И я ему, Иван Иваныч, с полной ответственностью отвечаю:

"Я хожу на Первый ручей по зову сердца. Слышу здесь шорохи детства и счастливый смех юности. Здесь ко мне приходит то не выразимое словами состояние души, которое принято называть вдохновением. Гляжу на два упрямых дерева, вцепившиеся корнями в осыпающую землю на самом краю обрыва, учусь у них мужеству. В юности я тоже думал о путешествиях в дальние страны, но, случайно оказавшись однажды на этом косогоре, вдруг понял, что отсюда можно увидеть мир, конечно, если очень хочешь его увидеть. Оставив родину, я буду похож на дерево без корней, которое быстро теряет не только листву, но и ветки, становится гладким, как бревно"…

И тот москвич в оленьей шкуре задает мне последний вопрос. А. может, и не последний:

"Ведь может до чертиков надоесть и Первый ручей, и небо над ним, и сам воздух!.. Первый ручей — не бездонный колодец, из которого можно всю жизнь черпать сюжеты!"..

Что бы вы ответили ему, Иван Иваныч?

— Честное слово, не знаю. Могу же я позволить себе что-нибудь не знать?!

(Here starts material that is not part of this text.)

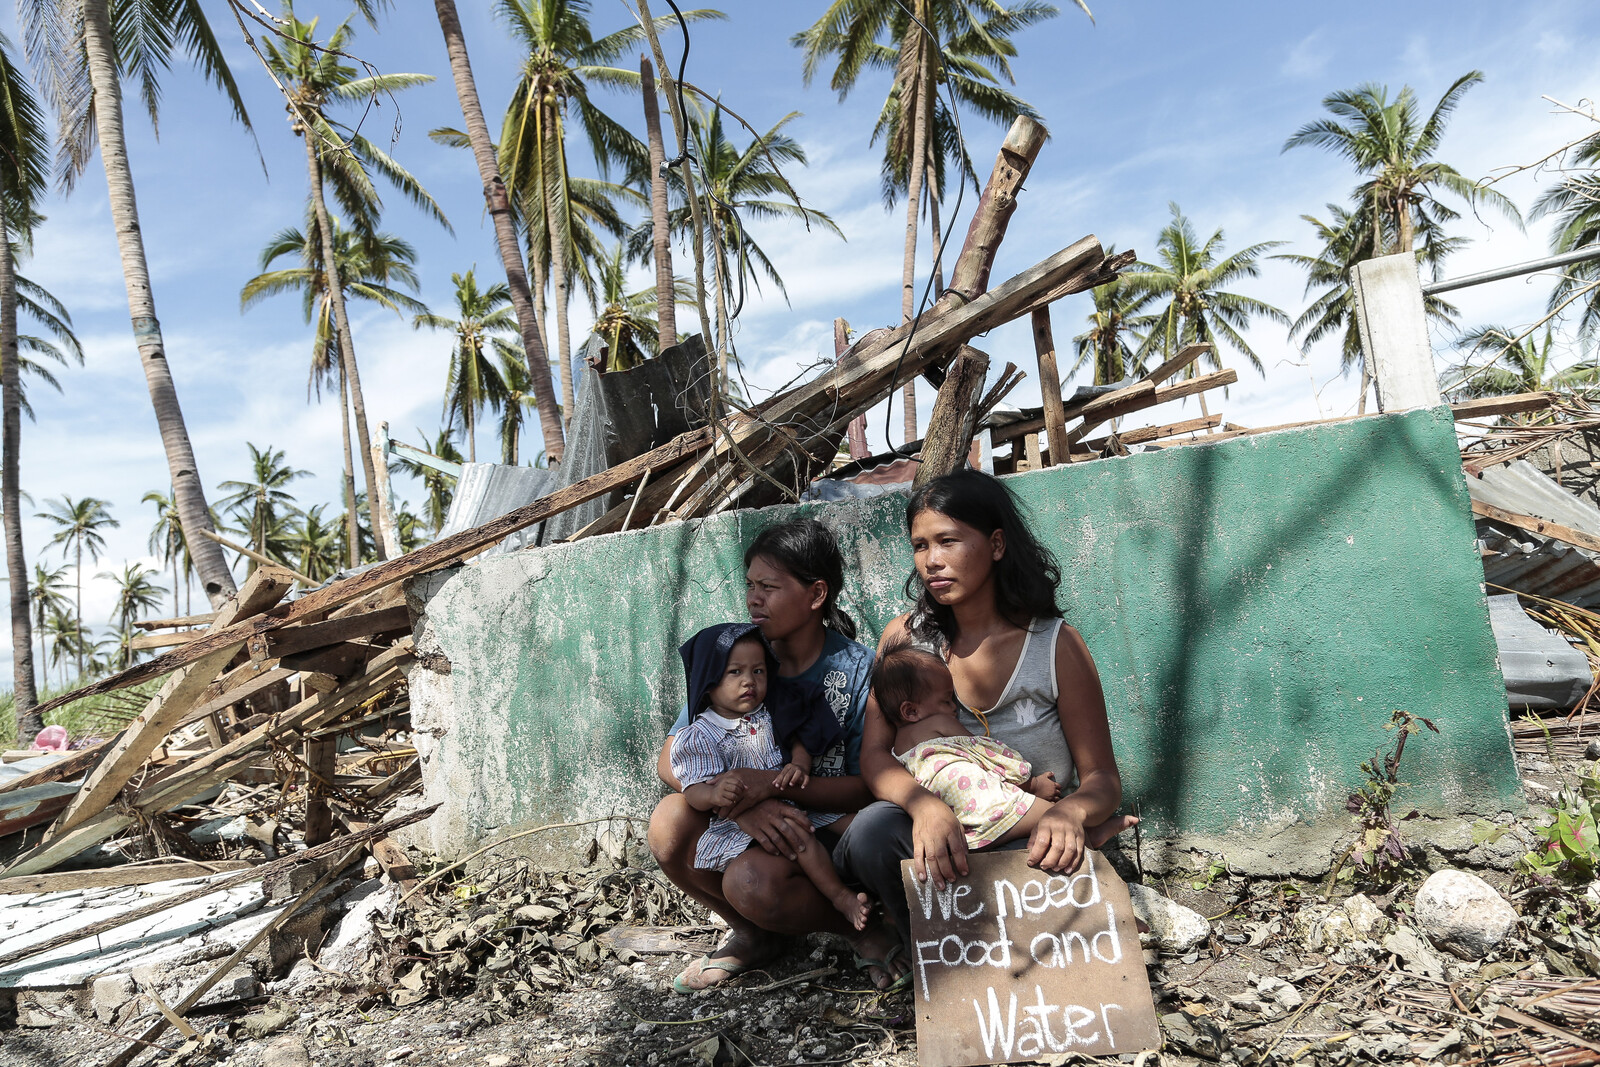 Taifun Haiyan war einer der schlimmsten je aufgezeichneten Stürme. Tausende kommen auf den Philippinen ums Leben

— Можете. Вы — начальство! А я ответил ему:

"Здесь я встречаюсь с людьми, сталкиваюсь с их характерами, с событиями, которые ведомы только мне. Это — герои моих книг. Настоящих и будущих. Я с ними беседую, спорю, советуюсь, а порой, когда они выходят из-под моего контроля и начинают диктовать свои поступки и действия, ругаюсь… Иногда приходится мириться с их своенравием. Не отдел же кадров посылает мне этих людей! Я сам создаю их в своем воображении, глядя на мир с высоты Первого ручья."..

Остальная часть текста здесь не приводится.